Escrito en
CULTURA
el
Por Marina Costin Fuser*
Spike Lee deu um baile com “Infiltrado na Klan”. Os personagens caricatos jogam com a estupidez dos bufões que se preparam para vestir seus capuzes. O filme é baseado numa história real, de um policial negro que se infiltra na Ku Klux Klan em Colorado Springs no final da década de 1970. O filme mistura ficção com história, chegando a usar registros atuais de Charlottesville, manifestação violenta de supremacistas e neo-nazis de cunho abertamente racista em que morreram 3 pessoas e 38 ficaram feridas.
Os Panteras Negras, Angela Davis e Stokely Carmichael (que se apresenta como Kwame Ture) estão bem caracterizados, com discursos eletrizantes. Eu esperava falas mais densas da então líder estudantil Patrice Dumas, sobretudo quando se aflora o conflito entre seu romance com um policial e a causa. A presença insolente do policial racista dá pano pra manga: ele escancara como a instituição está próxima da Klan, mas mostra também que há espaço para mudanças estruturais.
O filme se desenrola com um trabalho de edição focado em dois planos em contraste, dois mundos que se chocam. Vivemos a angústia de um projeto investigativo mirabolante, que tem tudo pra dar errado, mas acaba por surpreender. O antagonismo entre os suprematistas e os black power se acirra, mas não sem complexidade. O filme lança luz sobre um outro grupo social: o judeu, que ganha corpo com Flip Zimmerman, o agente à paisana que se faz passar por um WASP (protestante branco e anglo-saxão). Ron Stallworth leva o corpo de um judeu, mas sua alma é negra. Seu nome e sua voz também. A associação entre o racismo e o anti-semitismo do KKK é desenvolvida com cuidado e lucidez através da confabulação entre os policiais, e pelos discursos de ódio que passam no rádio.
A metanarrativa que resgata o clássico de Griffith, O Nascimento de uma Nação, seguida de gritos dos entusiastas da Klan estabelece um paralelo com seu antagonista, Jerome Turner, que narra um episódio verídico de tortura de um homem negro, levando a plateia à euforia. "Todo poder a todas as pessoas" - gritam os jovens com black powers e punhos cerrados para cima, instigados pela esperança de justiça social e equidade.

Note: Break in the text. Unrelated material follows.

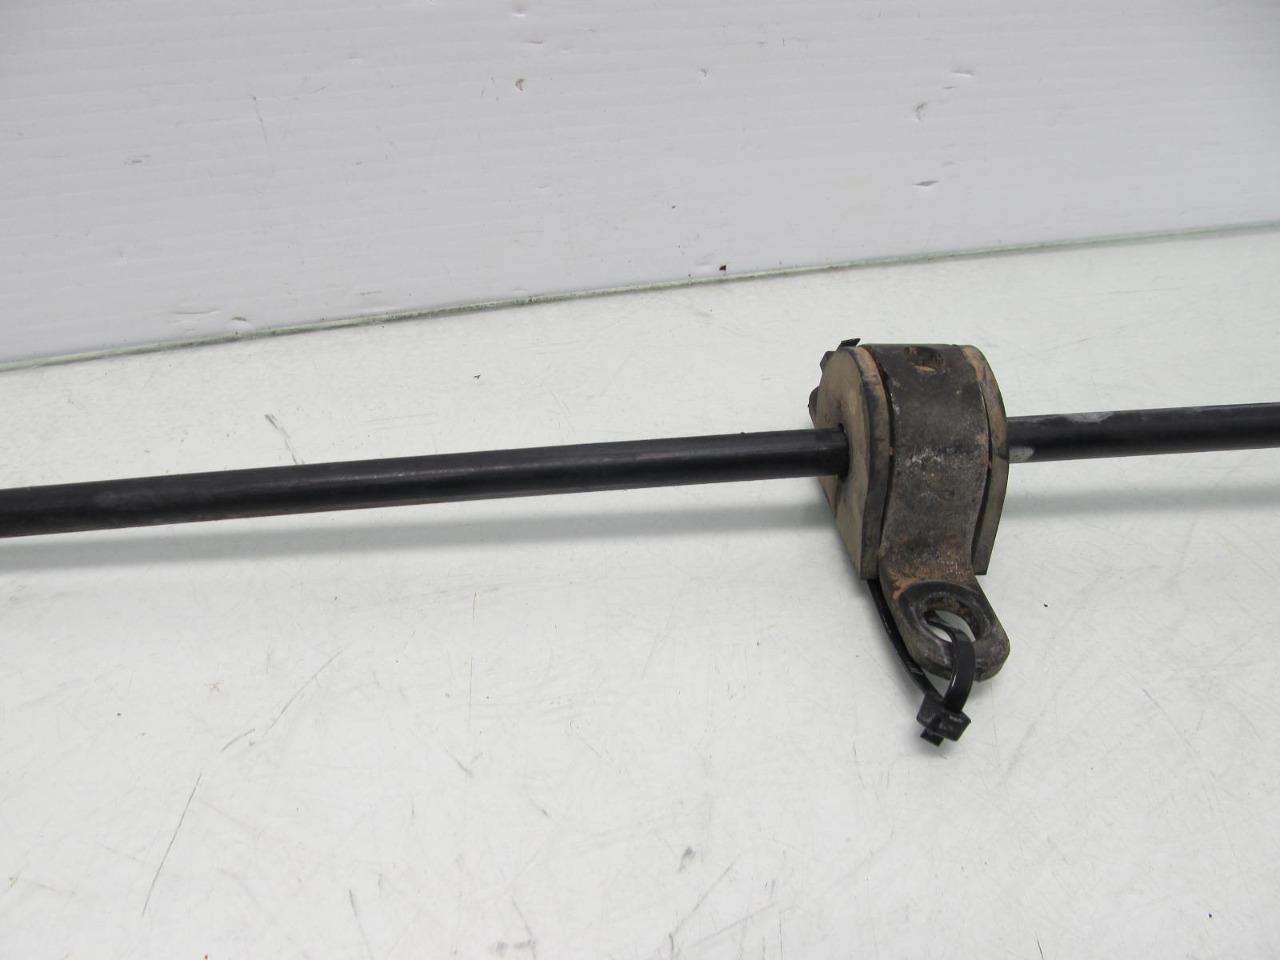 John Deere Adjust Sway Bars : John deere gator rsx i rear swaybar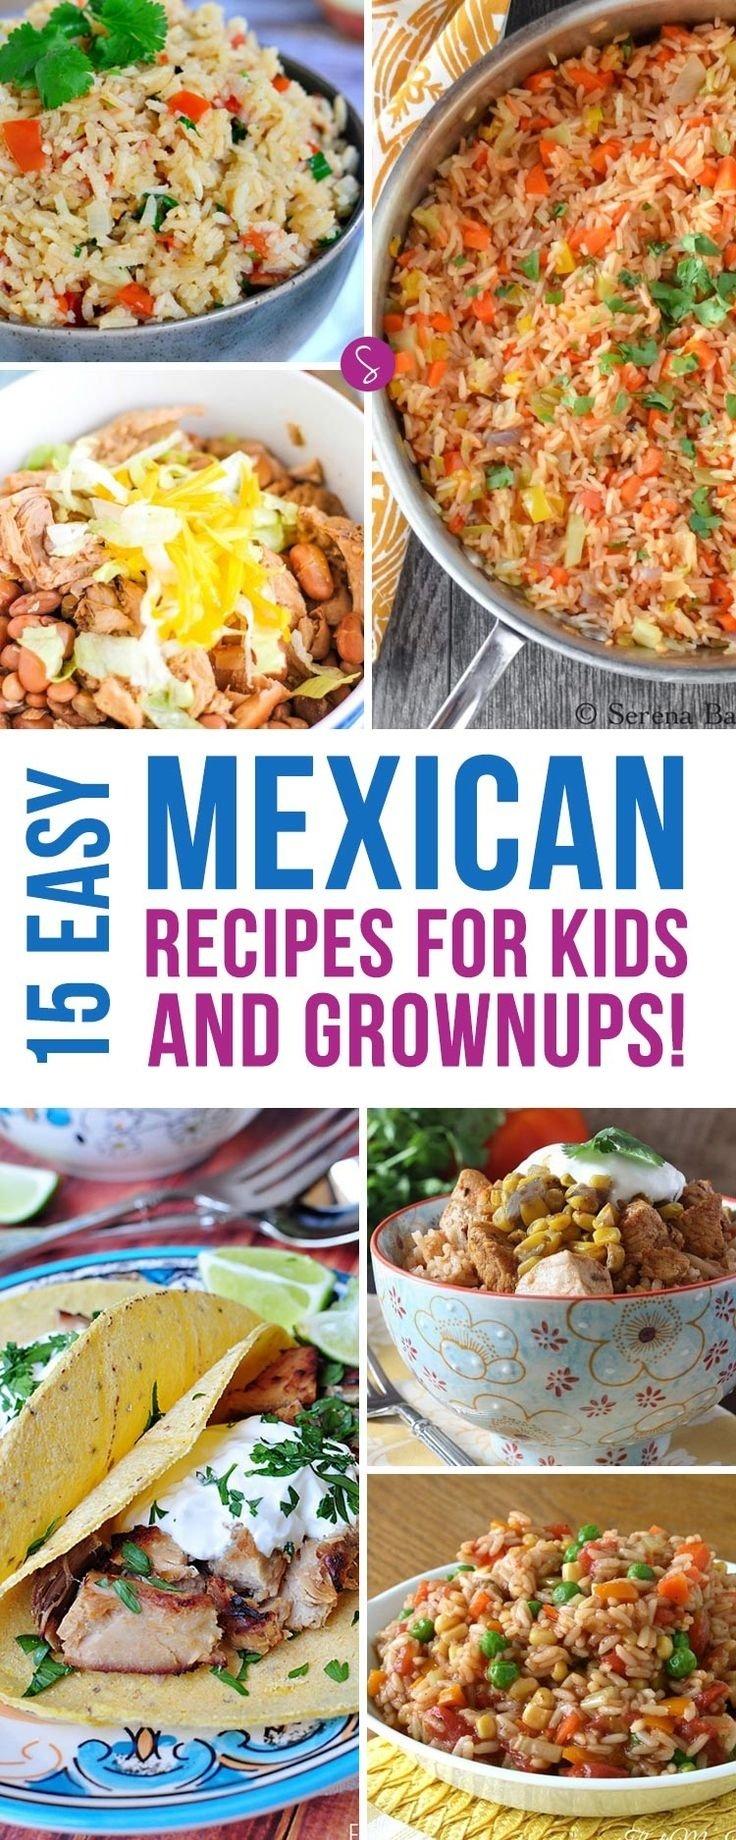 10 Great Quick Kid Friendly Dinner Ideas 440 best kid friendly dinners images on pinterest kid friendly 6 2021

Ao invés de apresentar um conflito entre dois extremos, o paralelismo que atravessa o arco dramático da narrativa assinala um acerto de contas de Spike Lee com Hollywood. A cena de abertura nos fornece uma pista considerável, recortada de O Vento Levou, com centenas de soldados feridos espalhados no chão de uma estação de trem, ressaltando o sacrifício e o heroísmo sulista, com a içada bandeira dos Confederados. Segue o discurso de Kennebrew Beauregard, que responsabiliza os judeus "marrons" pela miscigenação e integração social dos negros nos Estados Unidos. Os discursos que se intercalam no filme adquirem uma dimensão teatral, à revelia de sua efígie tenebrosa, expondo assim uma ferida que assombra a história do cinema: o racismo.
* Concluiu o doutorado em Estudos de Gênero e Cinema na Universidade de Sussex com doutorado-sanduíche na UC Berkeley, é ativista e pesquisadora feminista e LGBT há mais de dez anos, contribuindo com artigos e charlas relacionados ao tema dentro e fora da academia. Publicou o livro Palavras que dançam à beira de um abismo: Mulher na dramaturgia de Hilda Hilst.